Work request.
Drop every image, then reproduce the data exactly as given.

Data below.
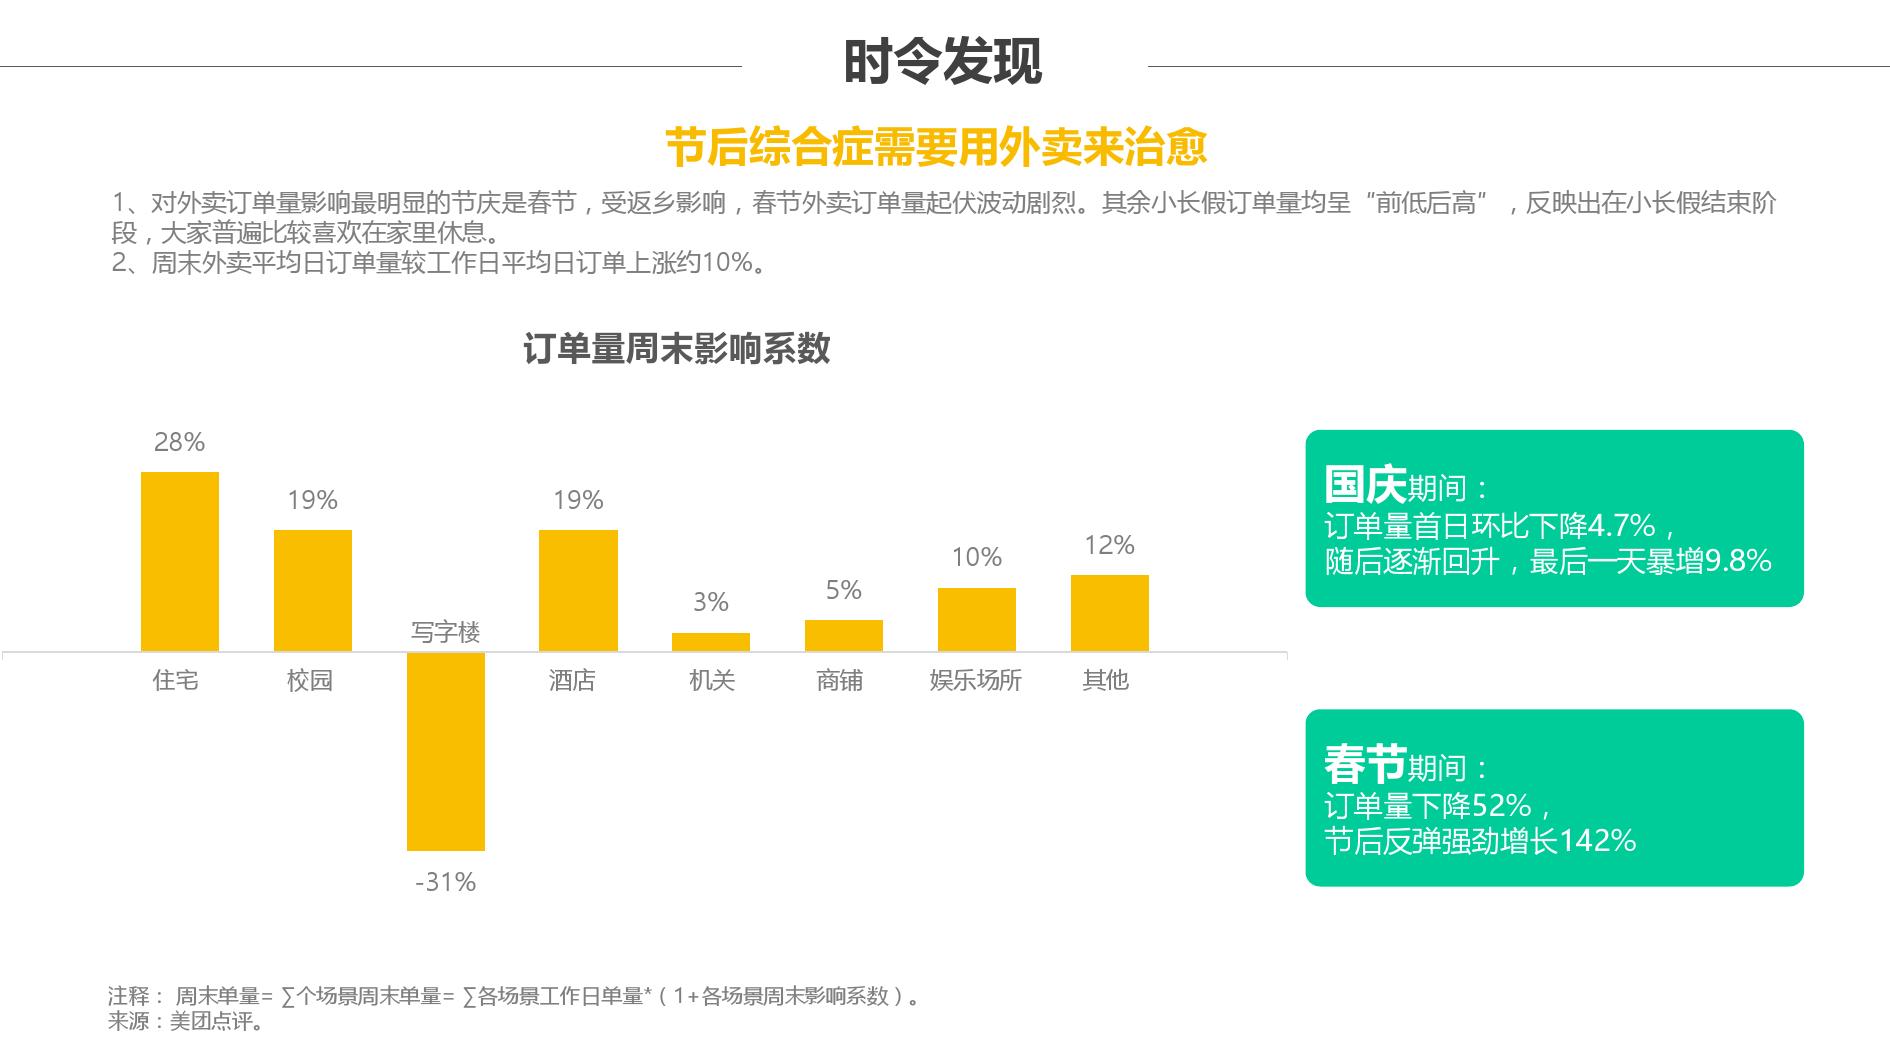 2016%e4%b8%ad%e5%9b%bd%e5%a4%96%e5%8d%96o2o%e8%a1%8c%e4%b8%9a%e6%b4%9e%e5%af%9f%e6%8a%a5%e5%91%8a_000018
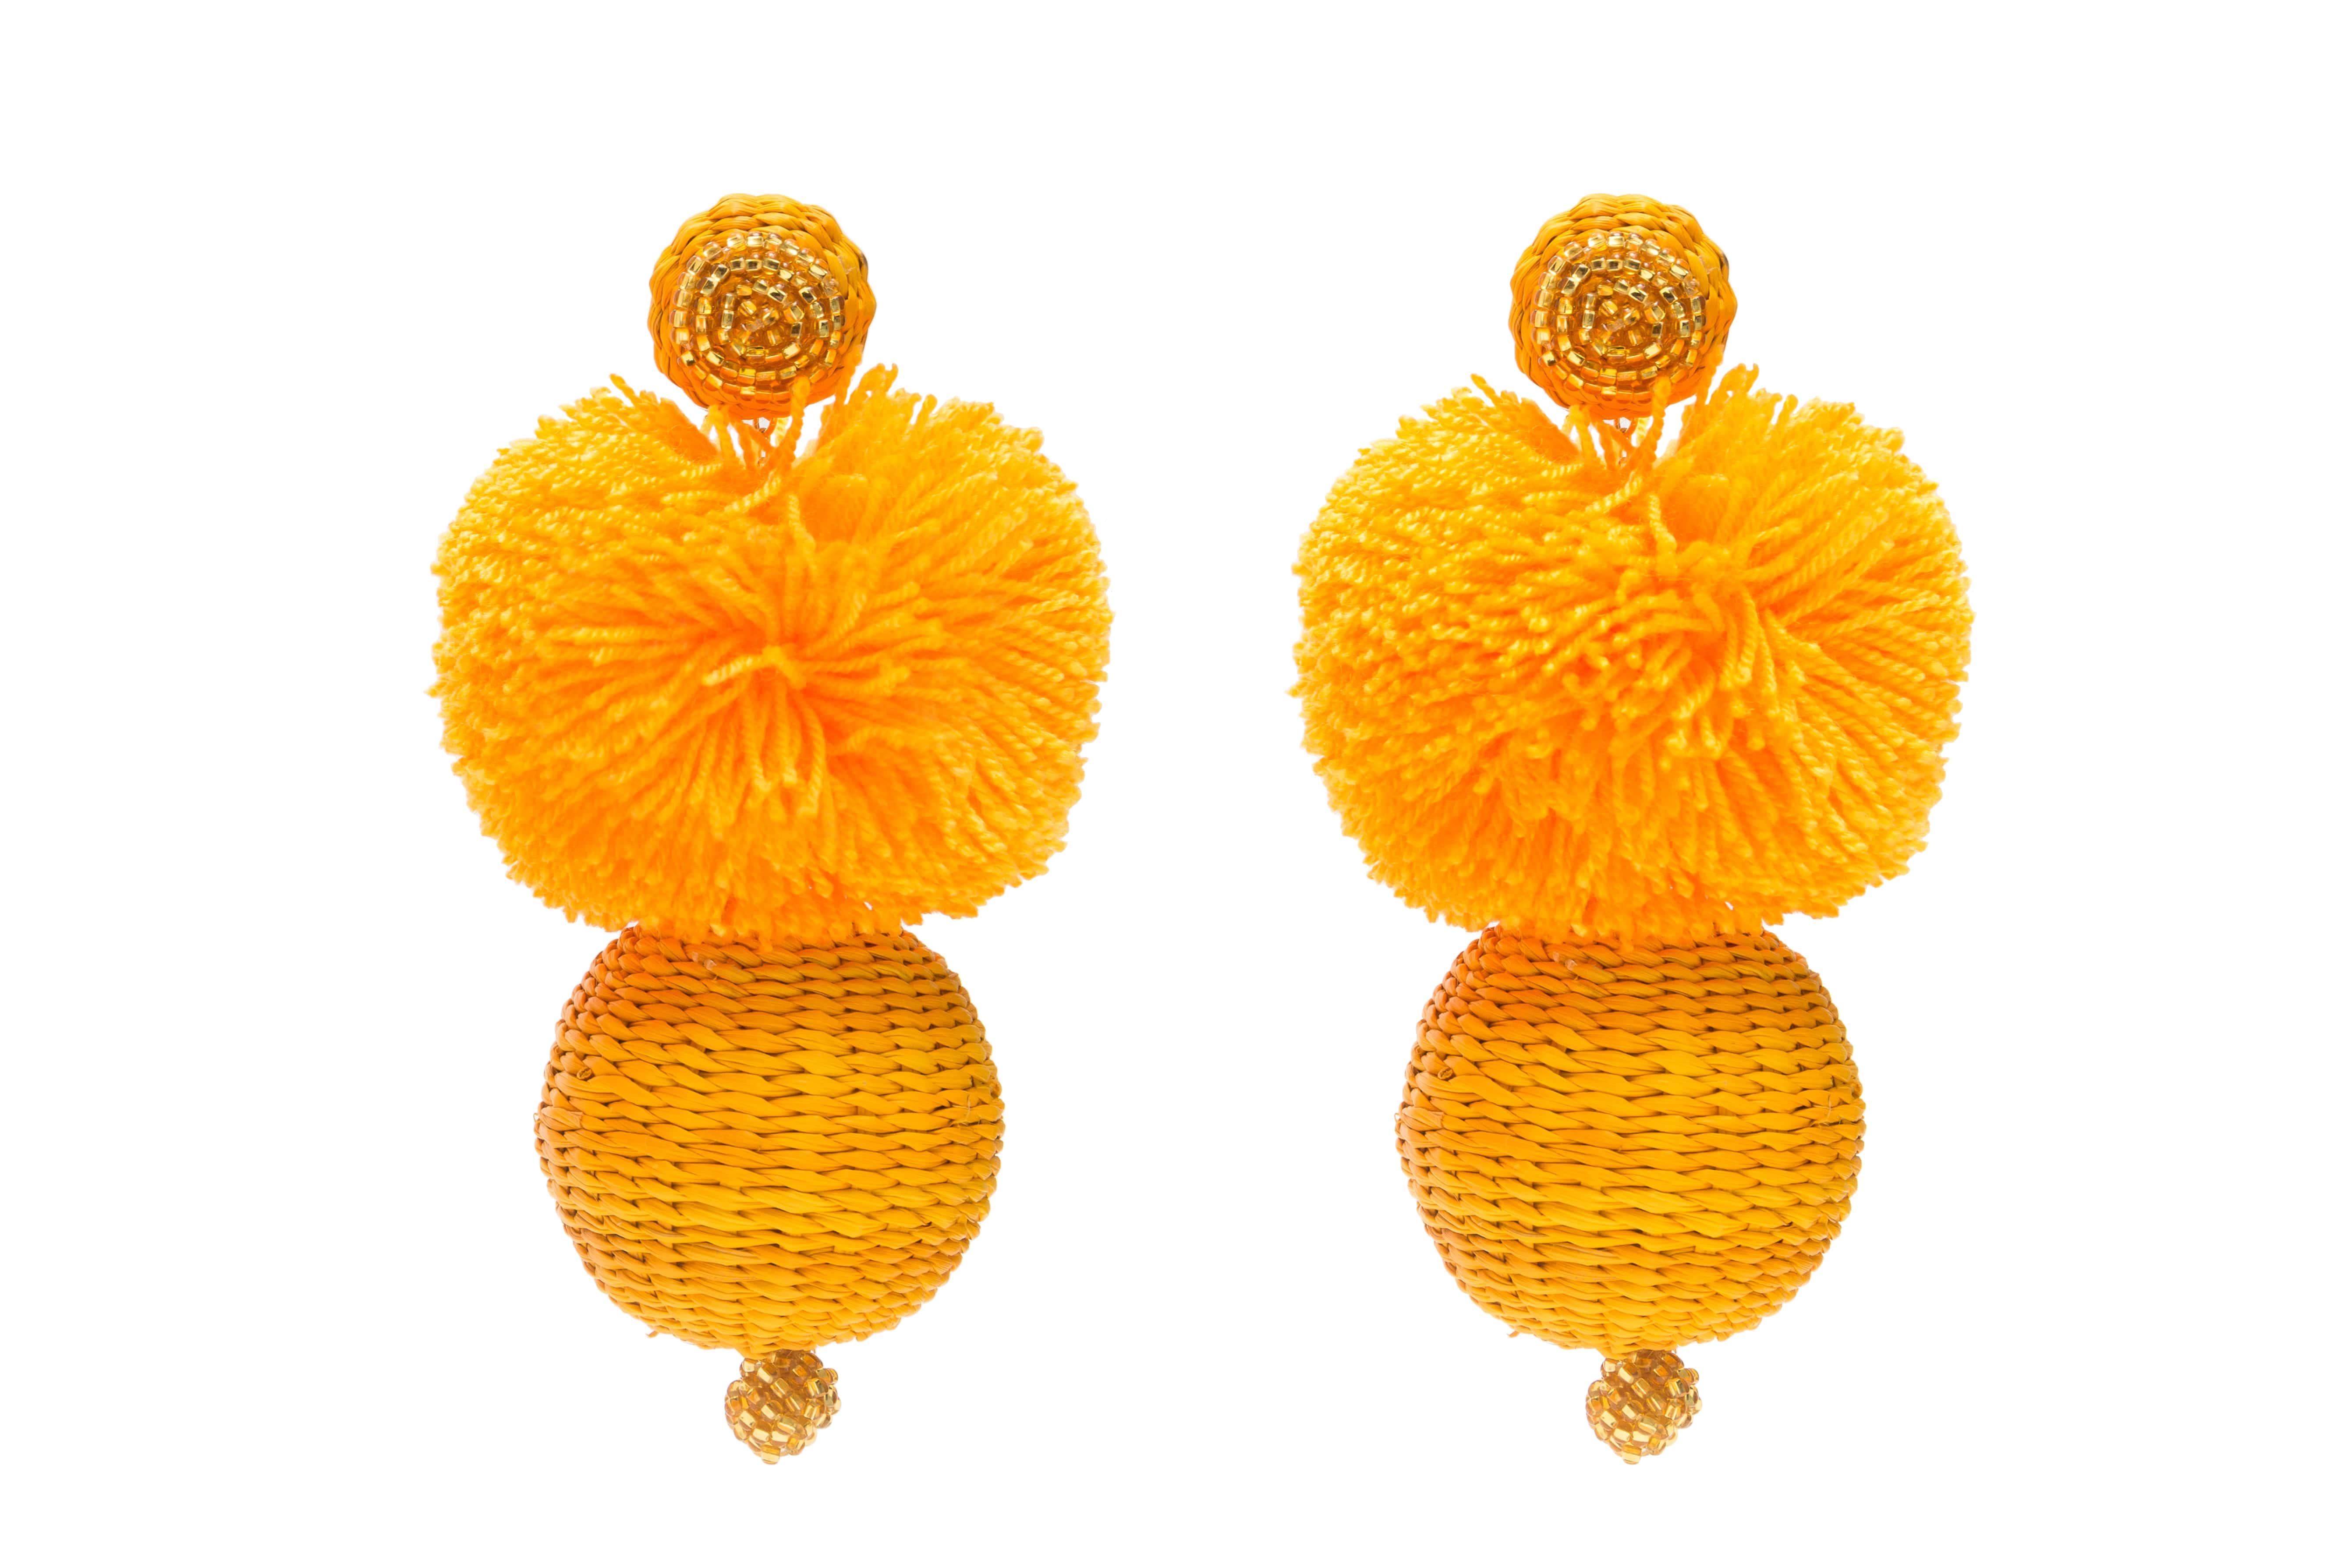 Arete Frufru amarillo
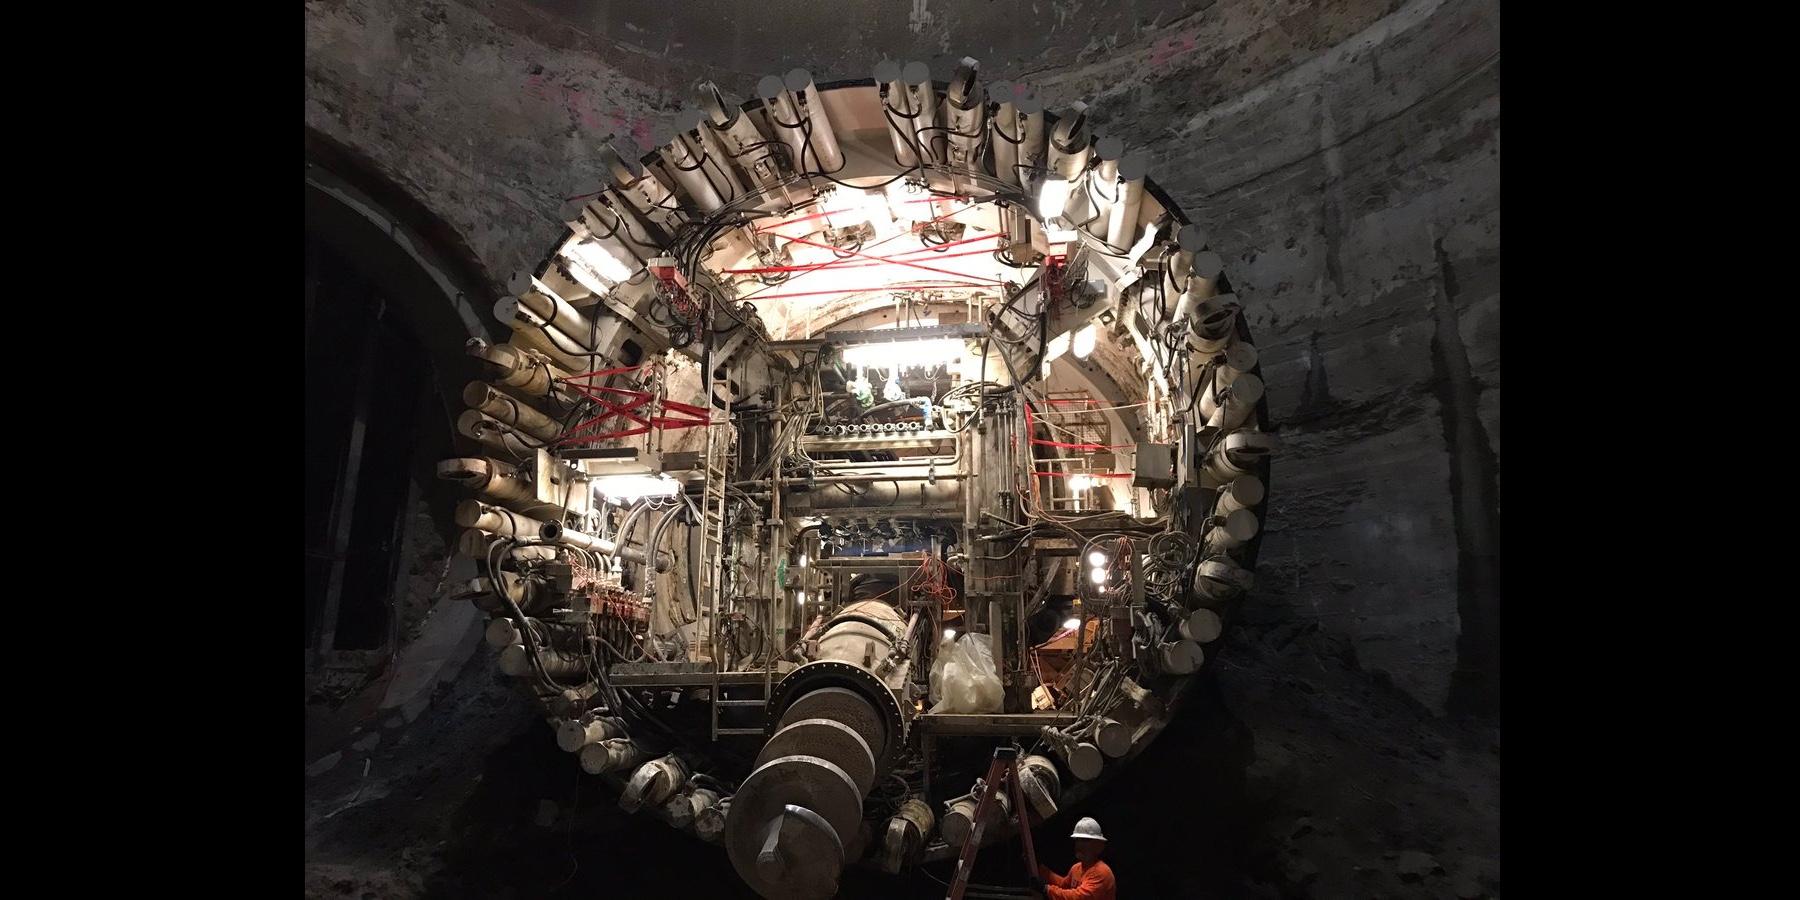 musk-tunnel-boring-machine
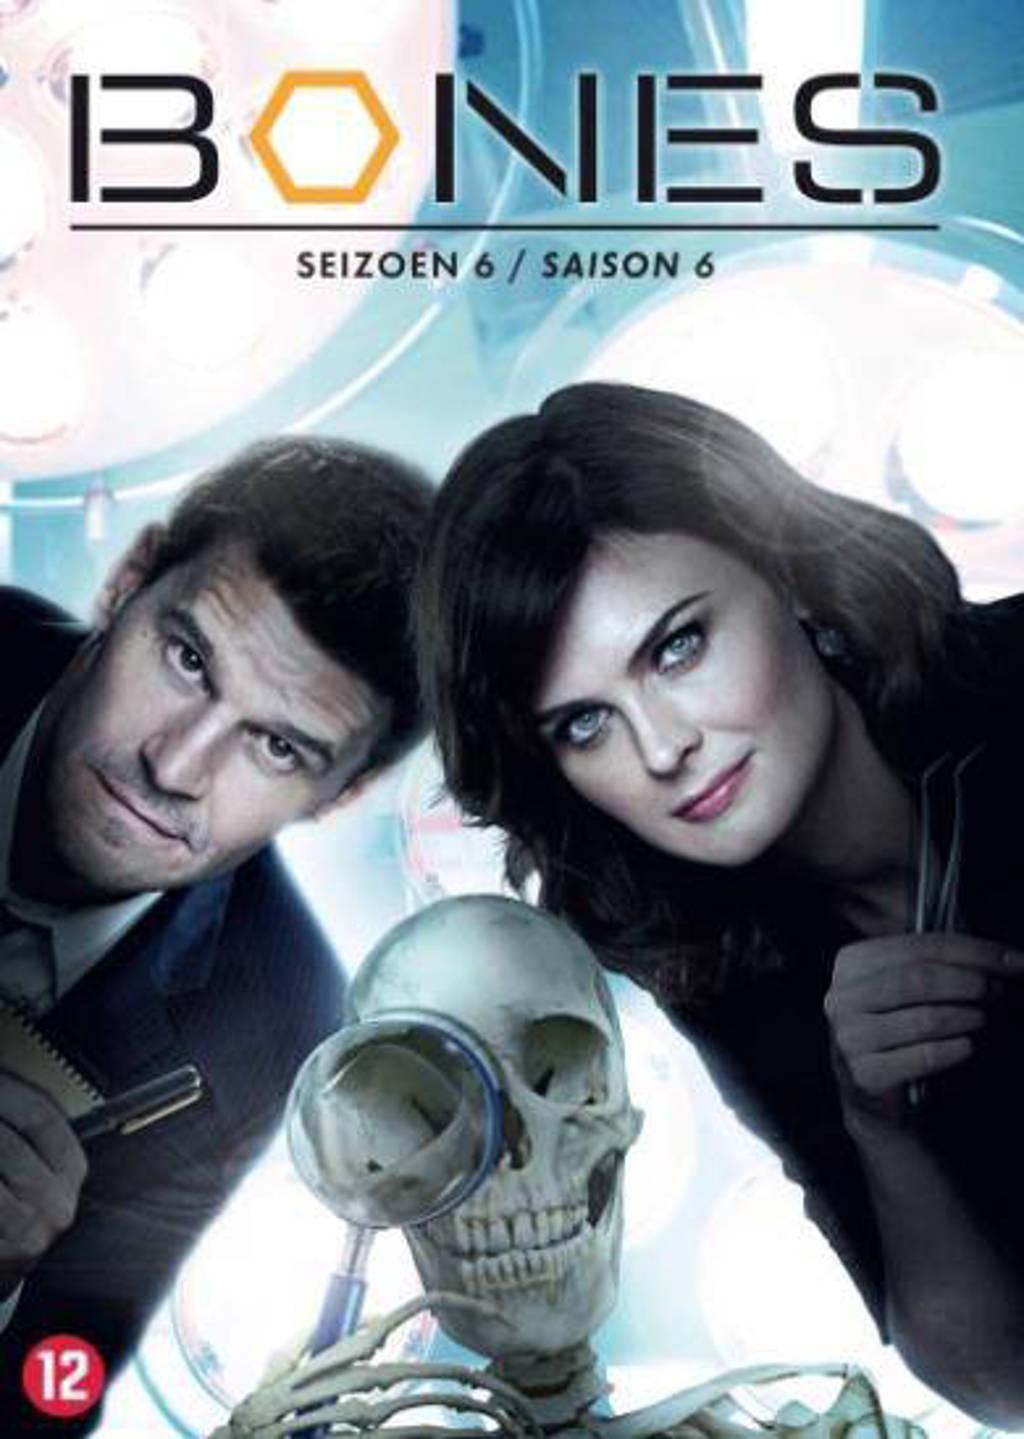 Bones - Seizoen 6 (DVD)

Reply to the exercise.
 2016%e4%b8%ad%e5%9b%bd%e5%a4%96%e5%8d%96o2o%e8%a1%8c%e4%b8%9a%e6%b4%9e%e5%af%9f%e6%8a%a5%e5%91%8a_000018
 Arete Frufru amarillo
 musk-tunnel-boring-machine
 Bones - Seizoen 6 (DVD)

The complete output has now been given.